Yesterday, I wrote about the reasons why I’m going to blend my reading and writing workshops this year. Now, as promised, I’m going to share more of the specifics for how I’m going to do that.
Let me start at the end. Before I can get too far in planning my blended workshop, I have to know where I’m going, what I want students to be able to do, and how I am going to assess their progress and success. Our department does not have a final pen and paper exam; instead, students complete a final assessment that focuses on all of the strands of our curriculum – speaking and listening, reading and viewing, writing and representing. This final assessment, a multi-genre project, will be worth twenty percent of the final grade, with the other eighty coming from their classwork throughout the semester.
Final Assessment: the multi-genre project:
This project will actually begin early in the semester with an inquiry question that students would like to explore. They will choose a question; then, attempt to find answers for their inquiry question in the books they read and use these ideas as a jumping off point for their own writing. At the end of the year, they will complete a multi-genre project that will illustrate their exploration of the question. This will require that they explore the ideas in non-fiction, poetry and other texts as well as their novels. It will also require that they experiment with various types of writing as they explore the idea. Students will pass the completed assignment in to me for assessment, but they will also present a portion of it as part of the speaking component of the course.

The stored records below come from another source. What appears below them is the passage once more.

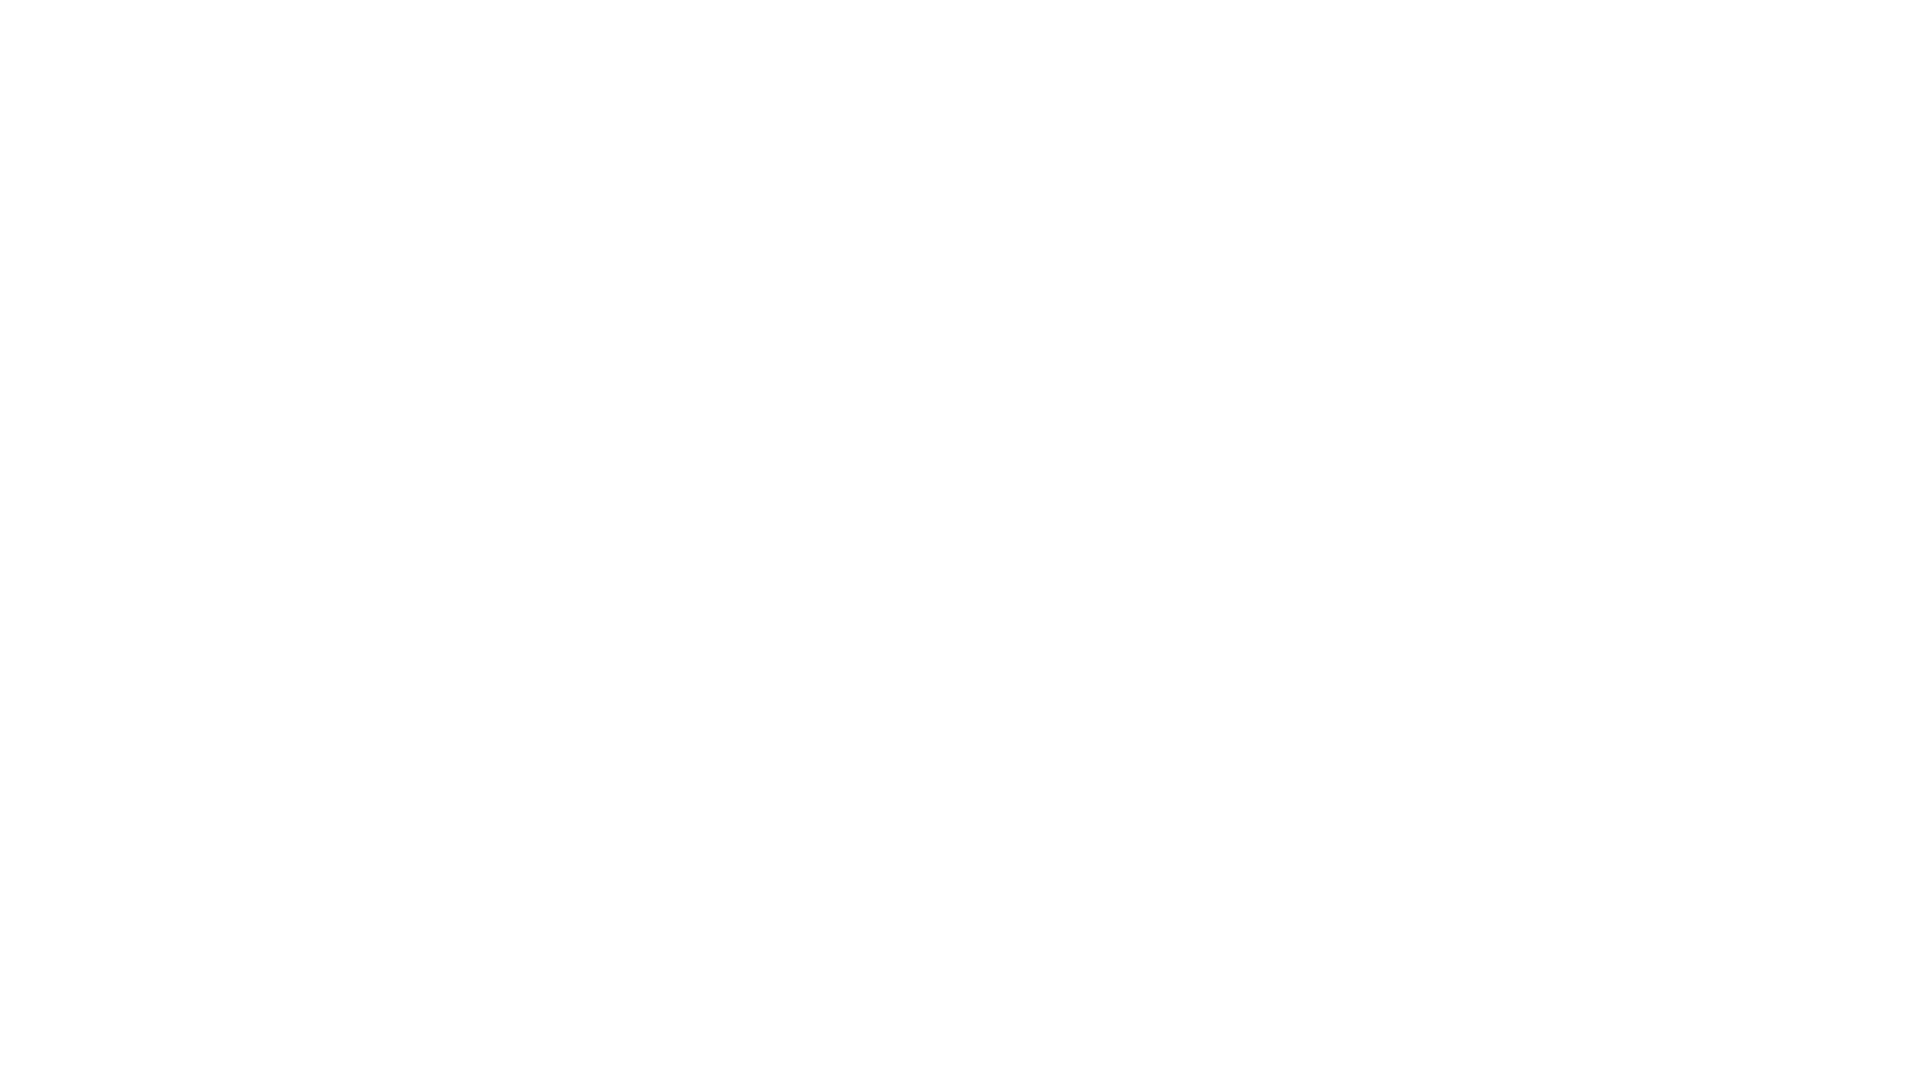 Dg telecom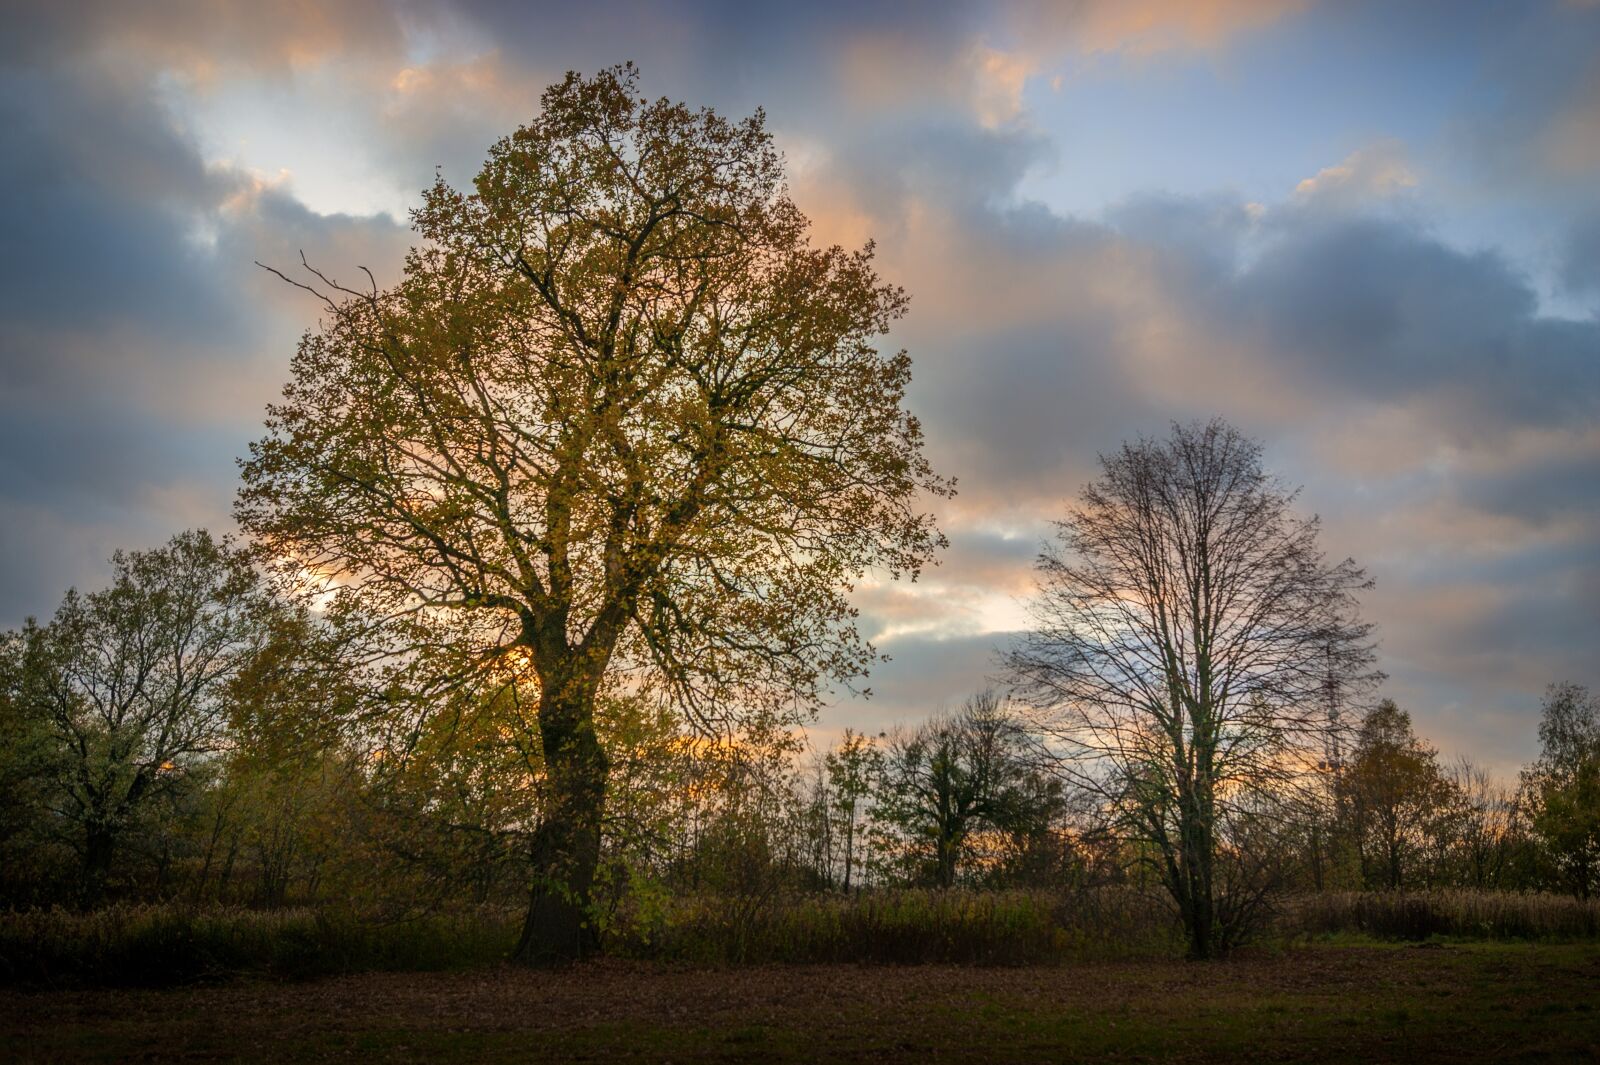 Sony Alpha DSLR-A290 sample photo. Tree, sunset, sky photography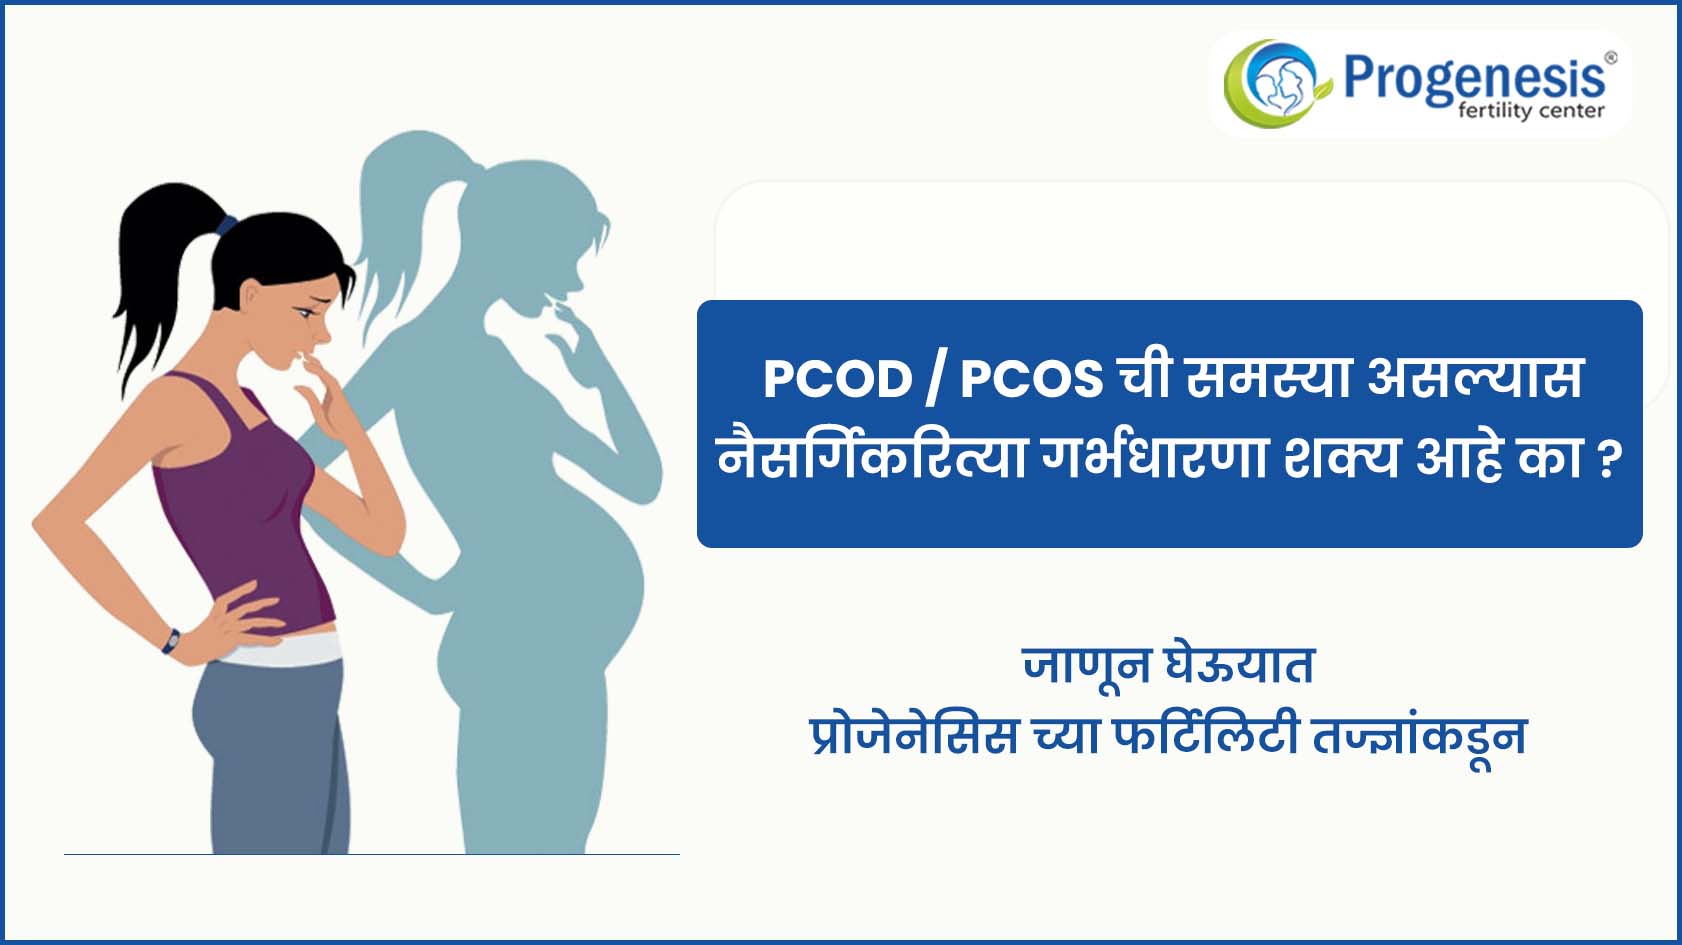 PCOD/PCOS ची समस्या असल्यास नैसर्गिकरित्या गर्भधारणा शक्य आहे का?

The remaining eighty percent of their mark will come from the following:
1. A final portfolio and conference:
During the final conference, students will show me the work that they choose to put in their portfolio, work that represents their growth as a reader and writer over the semester. They will need to show me evidence that they have attained (or are working on) the skills we focused on during the semester. The portfolio will include their top three pieces of writing, ranked from one to three, along with a corresponding form that explains the reasons for their choices. They will also have a checklist of skills that we have worked on, and they will need to show me, in their writing, evidence of their success with each skill. I will already have graded or seen all of the work in the portfolio, so this is not about me assigning a “good copy” grade; instead, the portfolio and conference are about putting the responsibility on the student to show me that they have learned and grown as a writer. It’s important that you give students time to do this and clear instruction about what you want the final portfolio to look like. For example, they should arrive at the conference with annotated writing, so they can quickly and easily show you their skills. You can find an editable checklist of skills in my Writer’s Workshop Bundle.
2. Their Notebooks:
Every two weeks or so, I will take in the notebooks. I will do a quick look to see if the students have been keeping up with them and that the required entries are there. Because there aren’t enough hours in the day to read everything, I will ask students to use post-it notes to mark two entries: one that they are most proud of and one that they’d like some feedback on. They will write their questions and comments right on the post-it note. They will also use highlighters to indicate passages for me, so I can easily locate them. These strategies will allow me to get through the notebooks more quickly and them to get some direct feedback. This feedback is the primary purpose for me taking in the notebooks. I don’t assess the students based on the quality of their work, only that it was completed.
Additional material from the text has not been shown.